Hi!
My academic or theoretical vocabulary isn’t extensive, so please excuse any lack of terminology on my part. Please point the correct terminology out to me, I’m more than happy to learn.
I’ve been enjoying and following along with the DiffEqFlux announcement blog post, and have found things absolutely great so far.
Here’s a working example of a simple spring-mass-damper system that I first solve using the regular DifferentialEquations.jl library (in order to find my target values), and then proceed to solve using a Neural ODE (as per the blog post):
using DifferentialEquations
using Flux, DiffEqFlux
# The system I'm trying to solve
function msd_system(du, u, p, t)
m, k, c = p # Mass, spring, damper
g = 9.81
du[1] = u[2] # x = ẋ
du[2] = (-g*m - k*u[1] - c*u[2])/m
end
# Parameters
m = 1
k = 5
c = 1
p = [m, k ,c]
u0 = Float32[1., 0.]
tspan = (0., 4.)
ts = range(0., 4., length=300)
prob = ODEProblem(msd_system, u0, tspan, p)
sol = solve(prob, Tsit5(), saveat=ts);
# ODE Neural Network
dudt = Chain(
Dense(2, 50, swish),
Dense(50, 2)
)
ps = Flux.params(dudt);
n_ode = x-> neural_ode(dudt, x, tspan, Tsit5(), saveat=ts)
function predict_n_ode()
n_ode(u0)
end
loss_n_ode() = sum(abs, sol .- predict_n_ode())
# Callback
cb = function()
display(loss_n_ode())
end
# Training
data = Iterators.repeated((), 1000)
opt = ADAM()
cb() # Test call
Flux.train!(loss_n_ode, ps, data, opt, cb=Flux.throttle(cb, 1))
This works perfectly, as expected.
The problem: Let’s modify the original spring-mass-damper system to include a time-dependent acceleration (eg. someone has decided to poke the mass — F_acc(t)). Our system then becomes:
# Modified system
function msd_system_modified(du, u, p, t)

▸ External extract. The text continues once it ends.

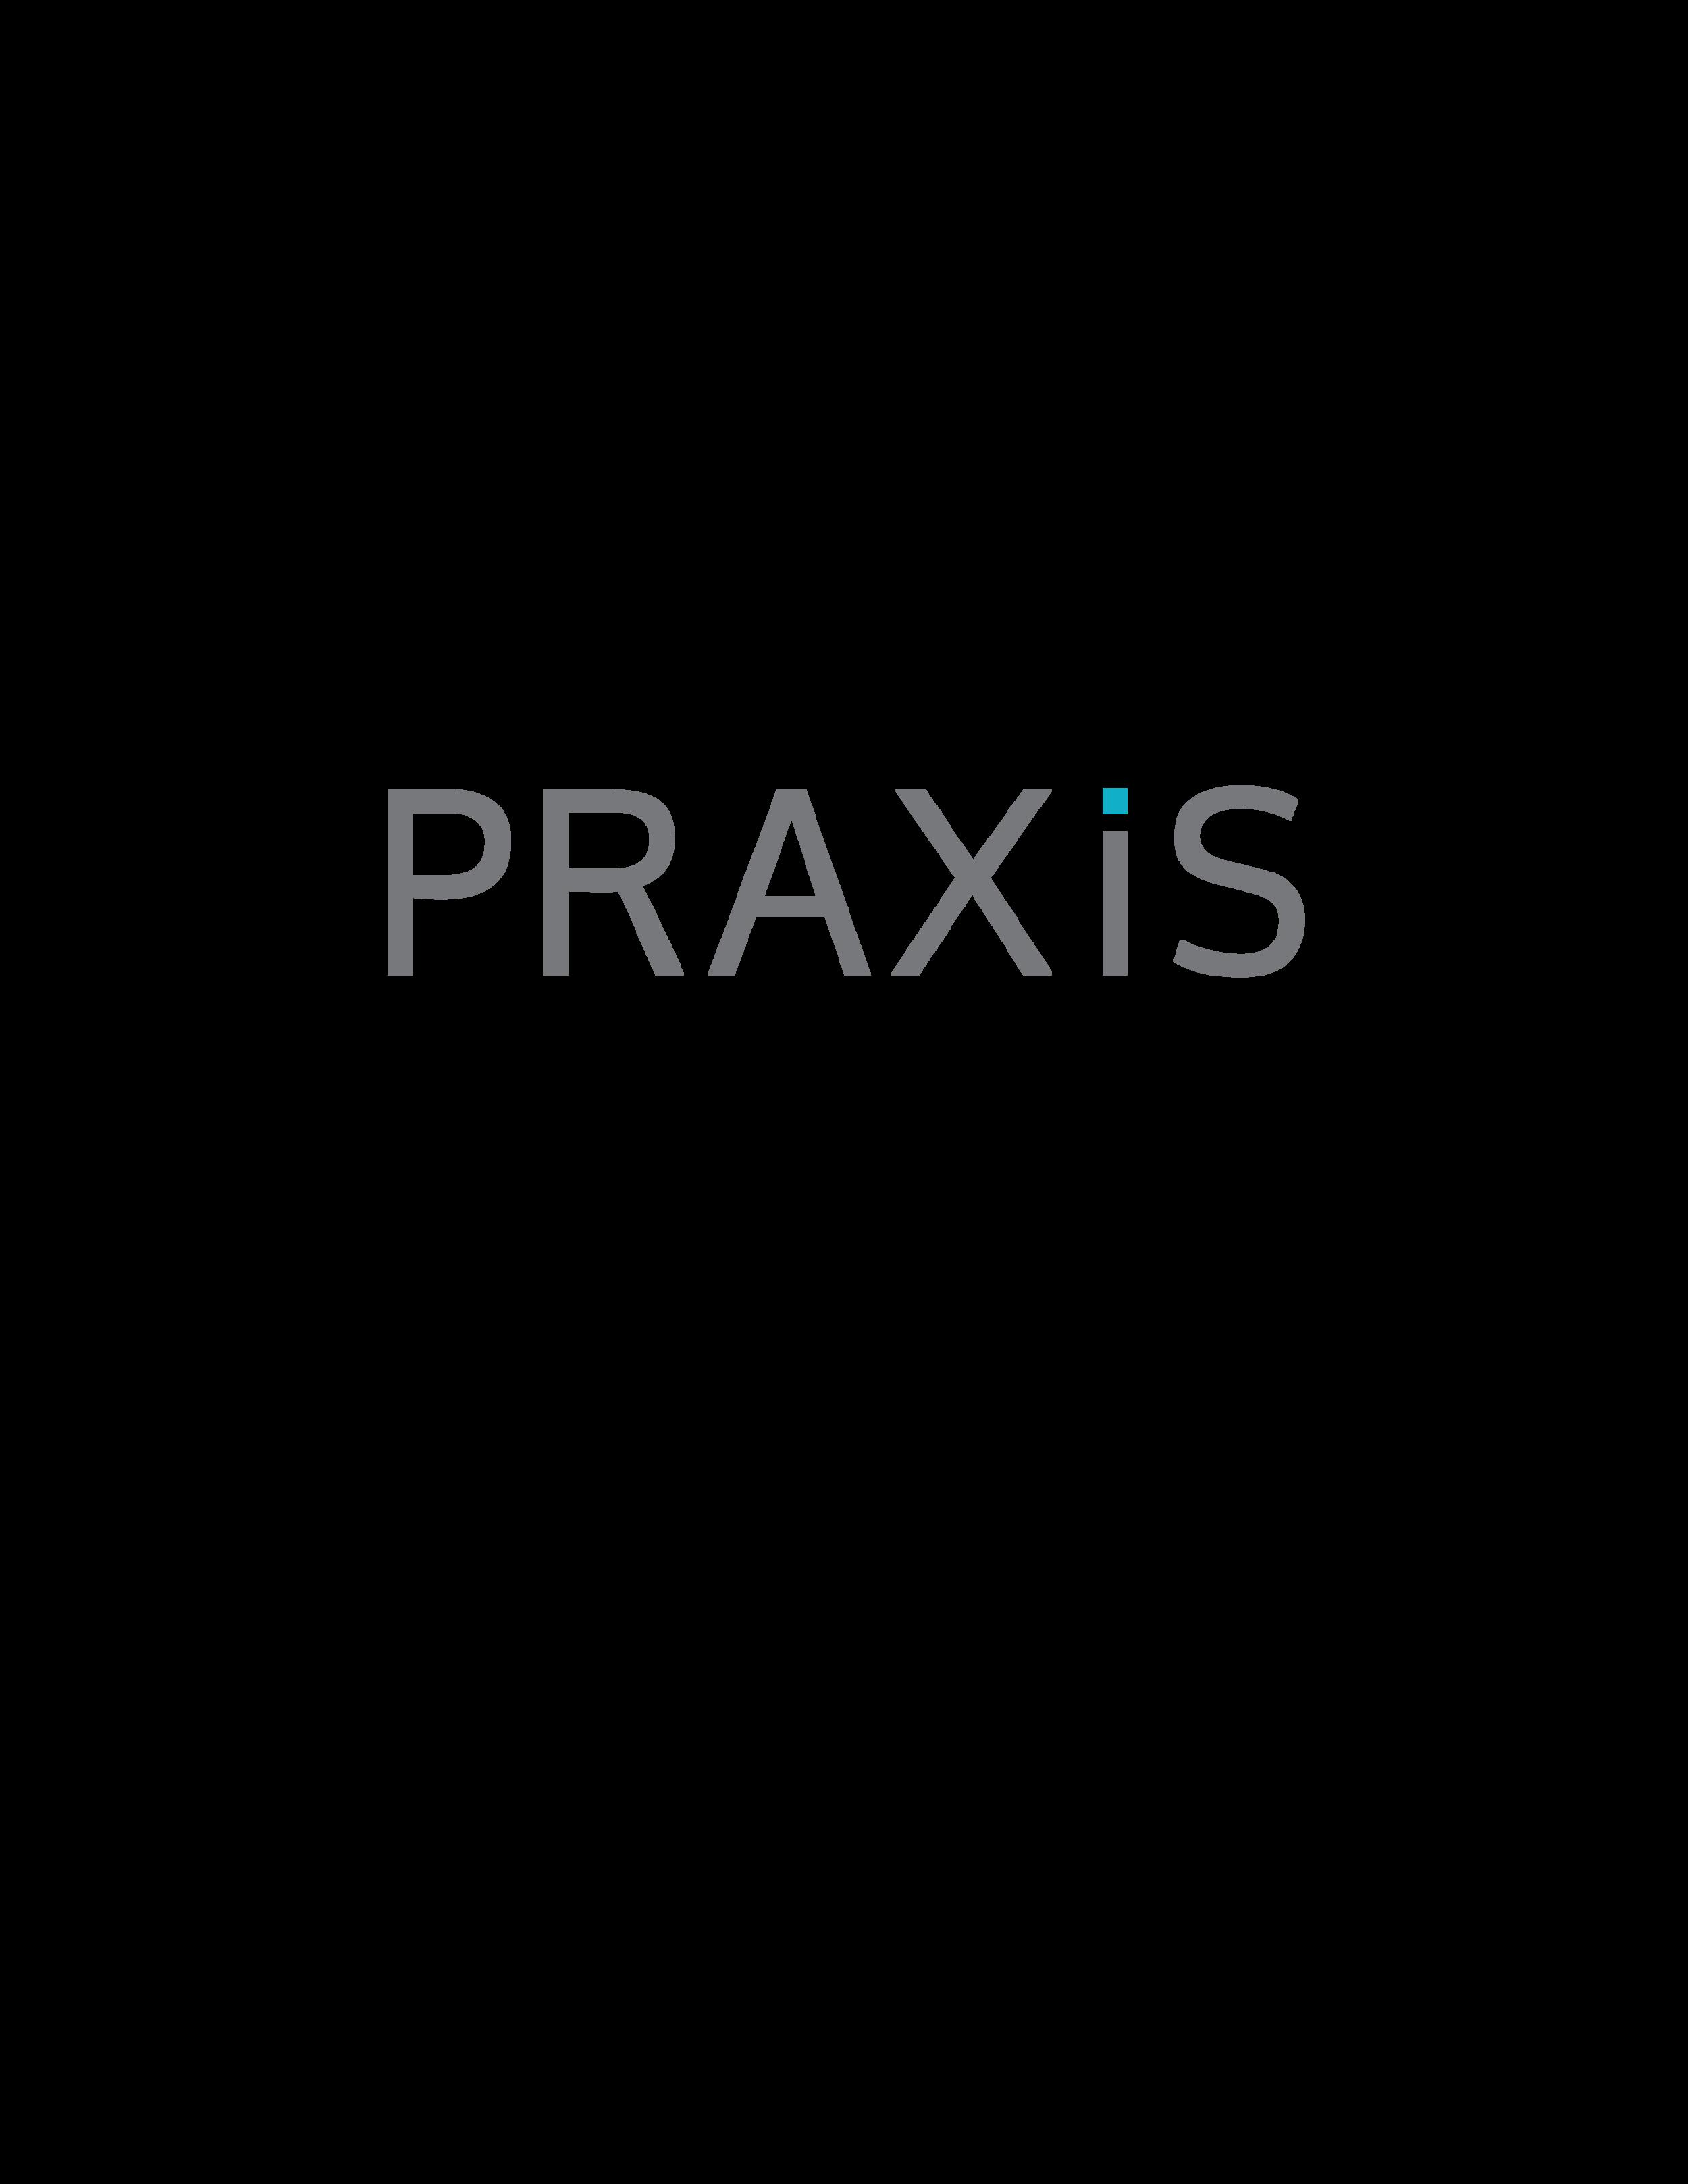 Praxis-01.png

m, k, c, F_acc = p # Mass, spring, damper, Force function
g = 9.81
du[1] = u[2] # x = ẋ
du[2] = (F_acc(t) - g*m - k*u[1] - c*u[2])/m # Modified
end
Here, our regular ODE solver will still succeed without complaint. However, our Neural ODE (which only receives the current state, u
, and returns the derivative du
, will not be able to learn how to model this time-dependent force, since it is blissfully unaware of t
.
I’d like to be able to do something along the following:
model = Chain(
Dense(3, 50, swish), # <-- (u[1], u[2], t), for example
Dense(50, 2)
)
where I have an additional input parameter that I can use to pass in instantaneous values of t
.
I’ve had success implementing something like this with the Python HIPS/Autograd project, where you have a little more fine-grained control over where parameters go, but as a very recent newcomer to Julia (nor an expert in automatic differentiation) I’m a bit lost how I could do something similar using DiffEqFlux.jl.
Any help or pointers in the right direction? Thanks!